Our pedigree illustrates the vertical transmission of a form of CMC affecting only the nails of the hands and feet, associated with low serum levels of ICAM-1. The mean concentration values of ICAM-1 in the affected subjects was lower than in unaffected relatives and controls. In general, serum ICAM-1 levels are increased in chronic inflammatory conditions, in contrast to the affected subjects in the present family. Intercellular adhesion molecule-1 (ICAM-1 or CD54) is a glycoprotein membrane and a member of the immunoglobulin superfamily which plays a central role in cell to cell mediated immune response and is a ligand for leucocyte function associated antigen-1 (LFA-1).8 ICAM-1 can be expressed by several cell types, including most activated immunocompetent cells,9,10 fibroblasts,11 and epithelial cells.12 Furthermore, surface ICAM-1 expression has been detected in the epithelium in several inflammatory and neoplastic diseases.13,14 Genetic studies using different types of back cross mice, either protected or not against vaginal candidiasis, after peripheral immunisation, showed that candidate loci for the immune response to vaginal candidiasis included ICAM-1, the ICAM-1 related sequence 1, and the Fc epsilon RII.15 Genetically engineered mice, lacking ICAM-1 expression, lost more weight and had a significantly higher mortality rate following an intravenous challenge with Candida albicans compared to normal wild mice.16 Based on evidence in the murine models, we investigated ICAM-1 and found decreased values in all affected subjects. Disease inheritance, clinical expression restricted to the nails of the hands and feet, together with decreased ICAM-1 levels point to a distinct form of CMC, familial chronic nail candidiasis with ICAM-1 deficiency (FCNC). In CMCs both autosomal dominant and recessive inheritance models have been reported. Sams et al17 and Jorizzo et al18 reported autosomal dominant transmission of CMC (MIM *114580). Evidence favouring familial autosomal recessive inheritance of CMC (MIM *212050) was discussed by Wells et al1 and Germain et al.19 We were able to trace back the origin of the family to 1689. The pedigree analysis favours autosomal dominant inheritance with incomplete penetrance, even if a few marriages between consanguineous relatives are present.

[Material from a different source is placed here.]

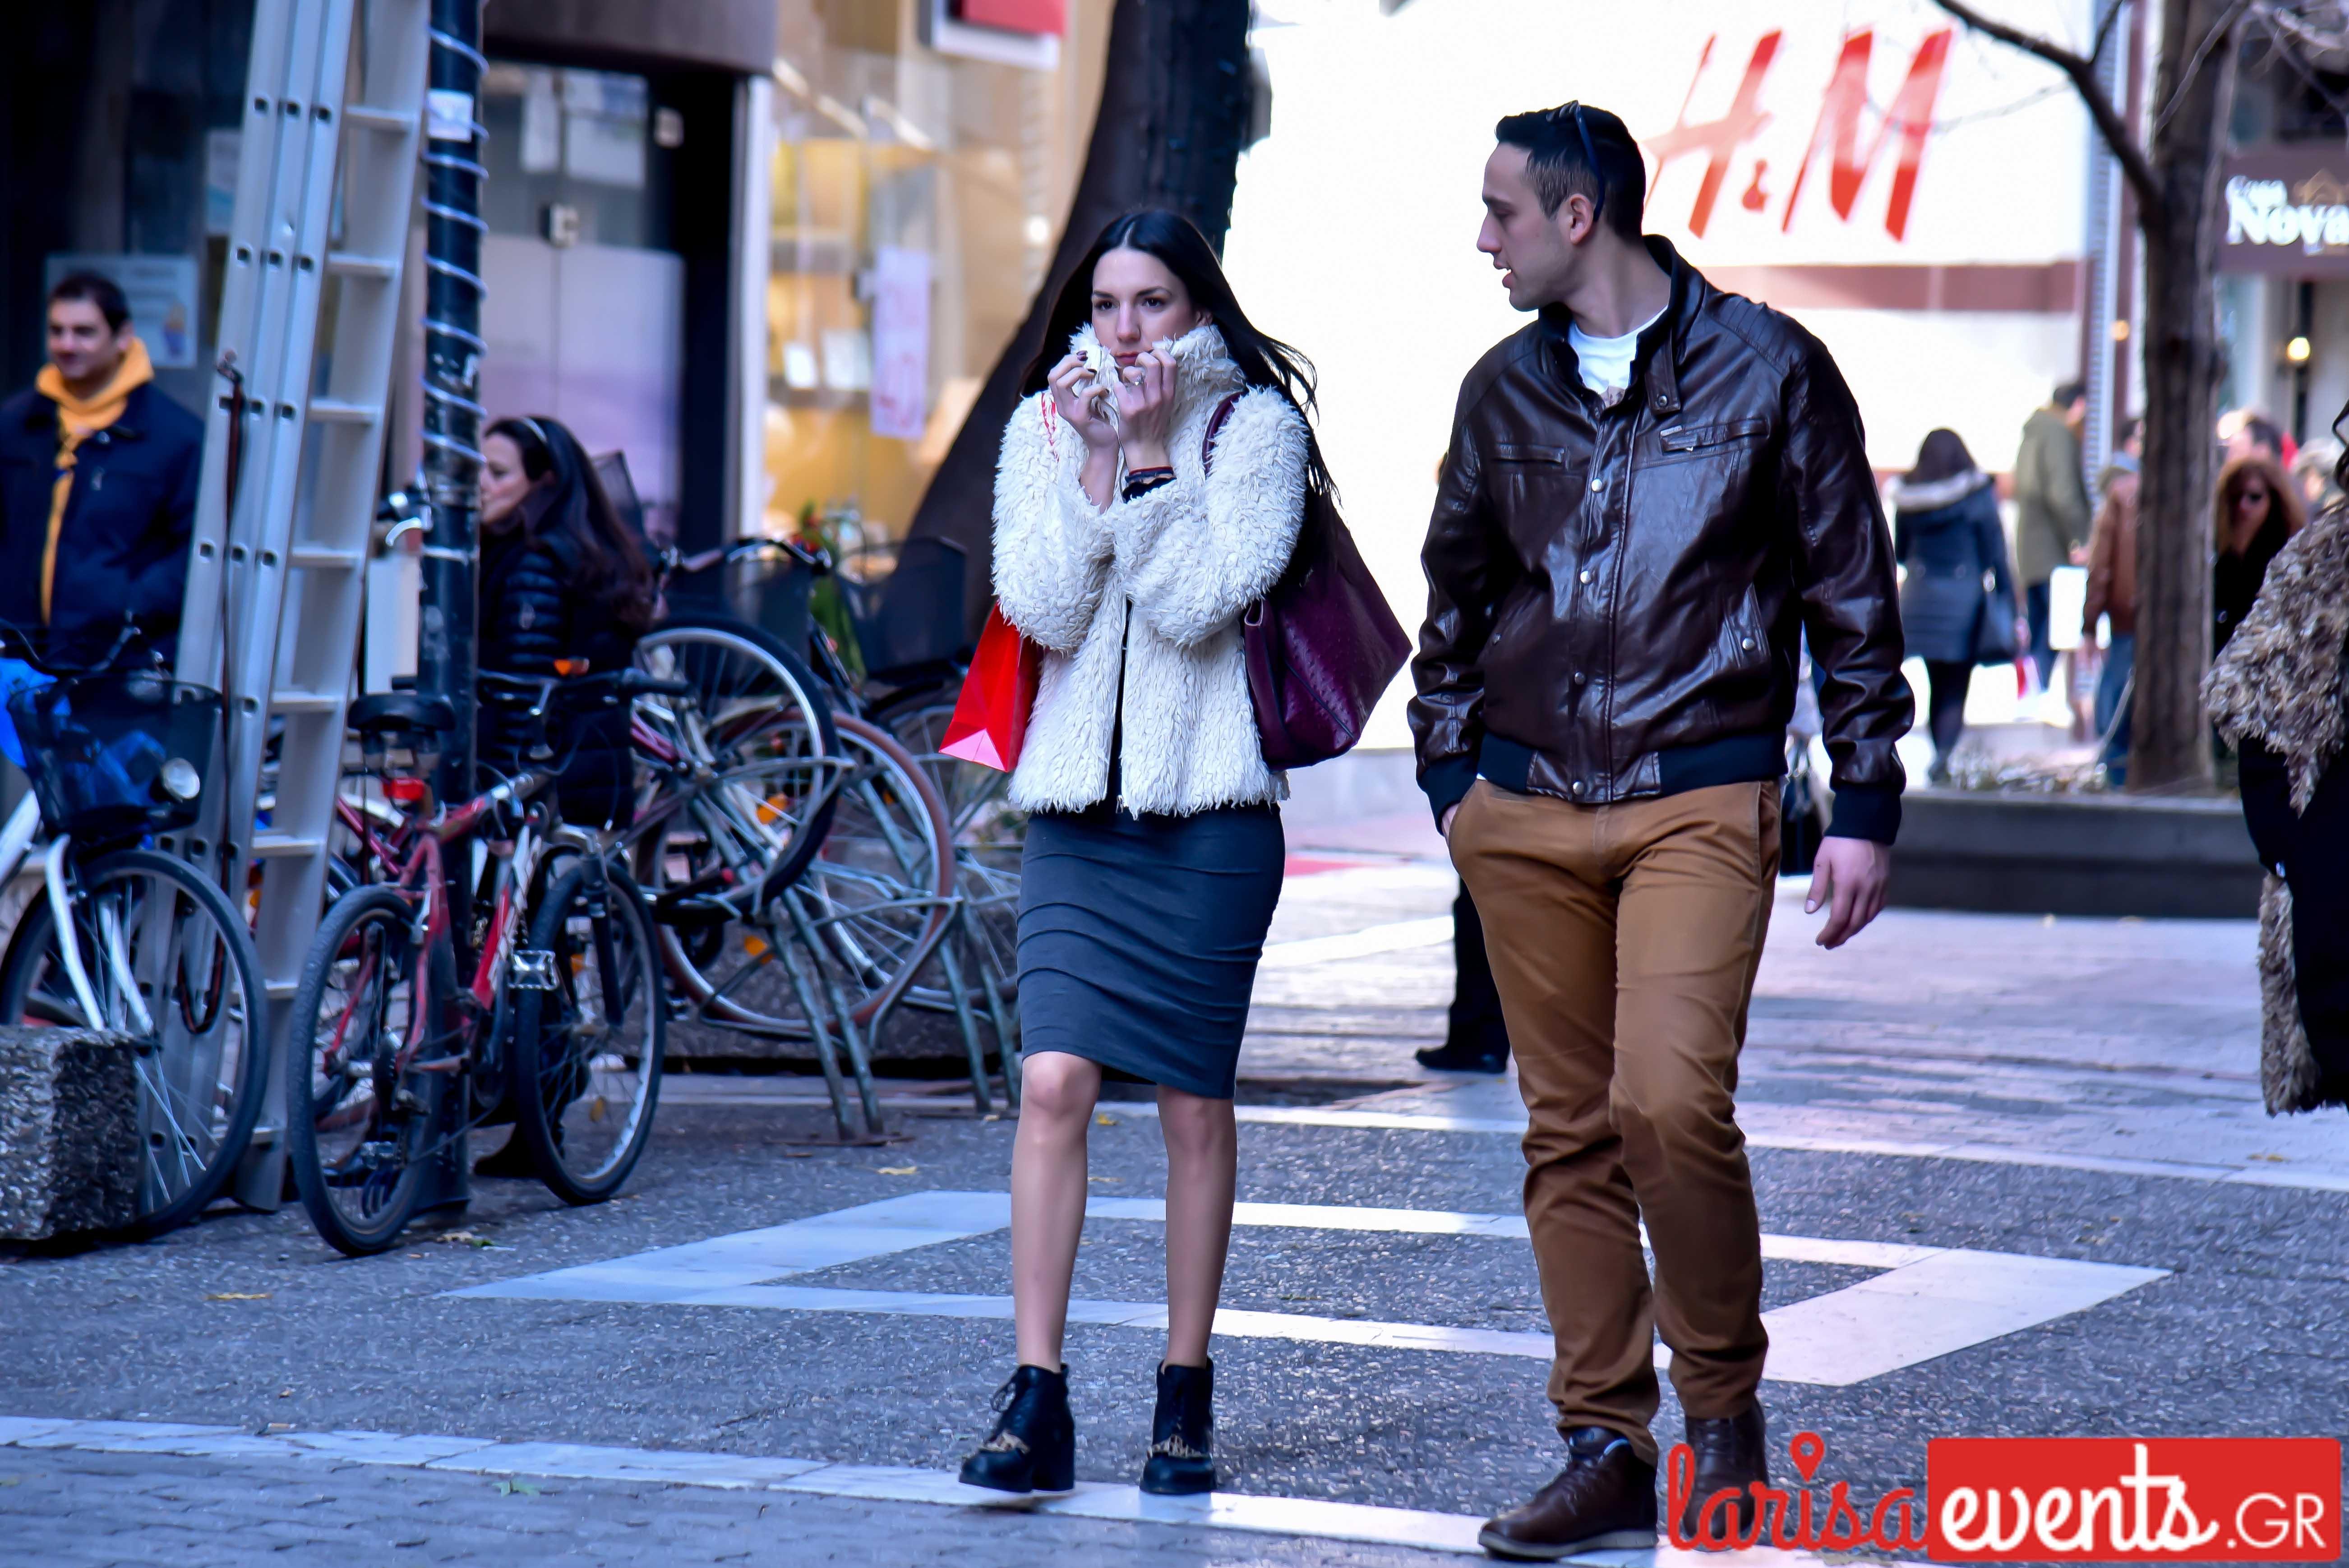 LAZ 7378 - Λάρισα's Street Style | Οι γυναίκες της πόλης σε street style clicks!

There is a clear clinical concordance between ICAM-1 serum levels and nail dystrophy. Interestingly, the only unaffected obligate carrier we analysed showed ICAM-1 serum levels (98.00 ng/ml) intermediate between those found in affected (63.29 (SD 14.36) ng/ml) and unaffected non-carrier relatives (108.31 (SD 13.57) ng/ml). However, the pathogenesis of the nail lesions in this family is unclear and the relationship with the reduced ICAM-1 expression awaits clarification.